Oh she didn't!  She was really mad that she didn't get the $600 and I told her it was up to, not everyone is guaranteed the full amount and she said oh I thought everyone was getting the same.  But what is weird is that she has a son that sha claims who is 16 and she only got $300.  I thought you got more if you have kids?


----------



## kimmy (May 2, 2008)

i still have to wait a couple weeks for mine...and i better get the whole six hundred dammit. the irs makes my heart sad, so it's time they make up for it!


----------



## MACATTAK (May 2, 2008)

Quote:

   Originally Posted by *COBI* 

 
_Get out the violins: I don't get one... too much income, there are definitely worse problems to have than mine. 
	

	
	
		
		

		
		
	


	


_

 

Where do you work & are they hiring??


----------



## noahlowryfan (May 2, 2008)

Quote:

   Originally Posted by *SuSana* 

 
_Oh she didn't!  She was really mad that she didn't get the $600 and I told her it was up to, not everyone is guaranteed the full amount and she said oh I thought everyone was getting the same.  But what is weird is that she has a son that sha claims who is 16 and she only got $300.  I thought you got more if you have kids?_

 
here's what it said on the IRS website:

To receive a payment, taxpayers must have a valid Social Security number, $3,000 of income and file a 2007 federal tax return. IRS will take care of the rest. Eligible people will receive up to $600 ($1,200 for married couples), and parents will receive an additional $300 for each eligible child younger than 17.


----------



## trip75 (May 2, 2008)

I got mine today. Direct deposit. WOO-HOO!!!


----------



## captodometer (May 3, 2008)

I got mine yesterday: I'm in the 00-20 group.  I'm also living overseas and filed my taxes from there.  So it is likely that those of you in the US will get your stimulus payment right on schedule


----------



## CantAffordMAC (May 4, 2008)

Quote:

   Originally Posted by *noahlowryfan* 

 
_here's what it said on the IRS website:

To receive a payment, taxpayers must have a valid Social Security number, $3,000 of income and file a 2007 federal tax return. IRS will take care of the rest. Eligible people will receive up to $600 ($1,200 for married couples), and parents will receive an additional $300 for each eligible child younger than 17._

 
So i won't be getting a check. Because I ddin't make $3,000. I know its my fault because I didnt read carefully...

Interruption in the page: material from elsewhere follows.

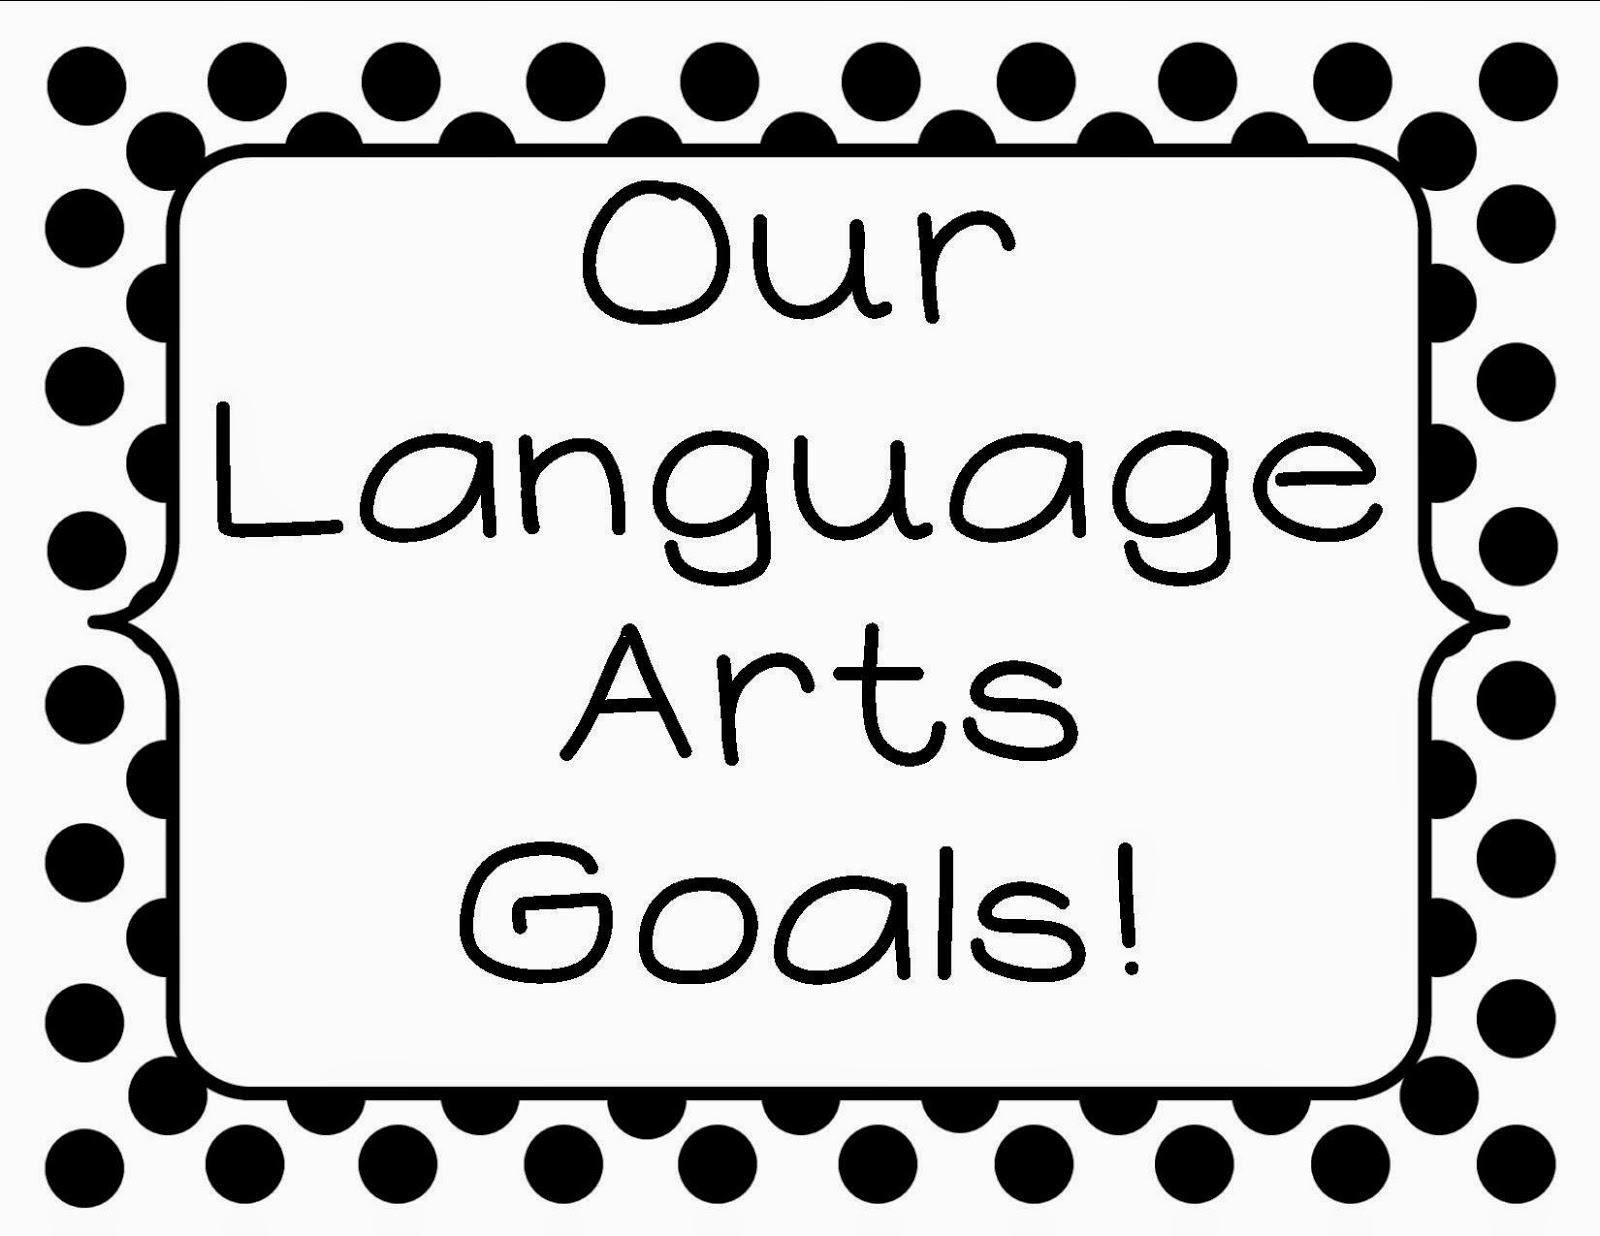 http://www.teacherspayteachers.com/Product/4th-Grade-Common-Core-Standards-Poster-Set-Flash-Freebie-1414494

but damn it! They could have been a little more fucking detailed when they started talking about these damn checks. Now all this time I was expecting money back to pay my health insurance/save and I won't get shit


----------



## KikiB (May 4, 2008)

I don't get the stimulus payment because I am a dependent, however I did get my refund already and surprisingly I haven't spent it. I'm trying to keep a good cushion of $$ in my checking account. I could have easily bought a pair of Ed Hardy sunglasses...but I could be better off trying to actually save money up to buy them.


----------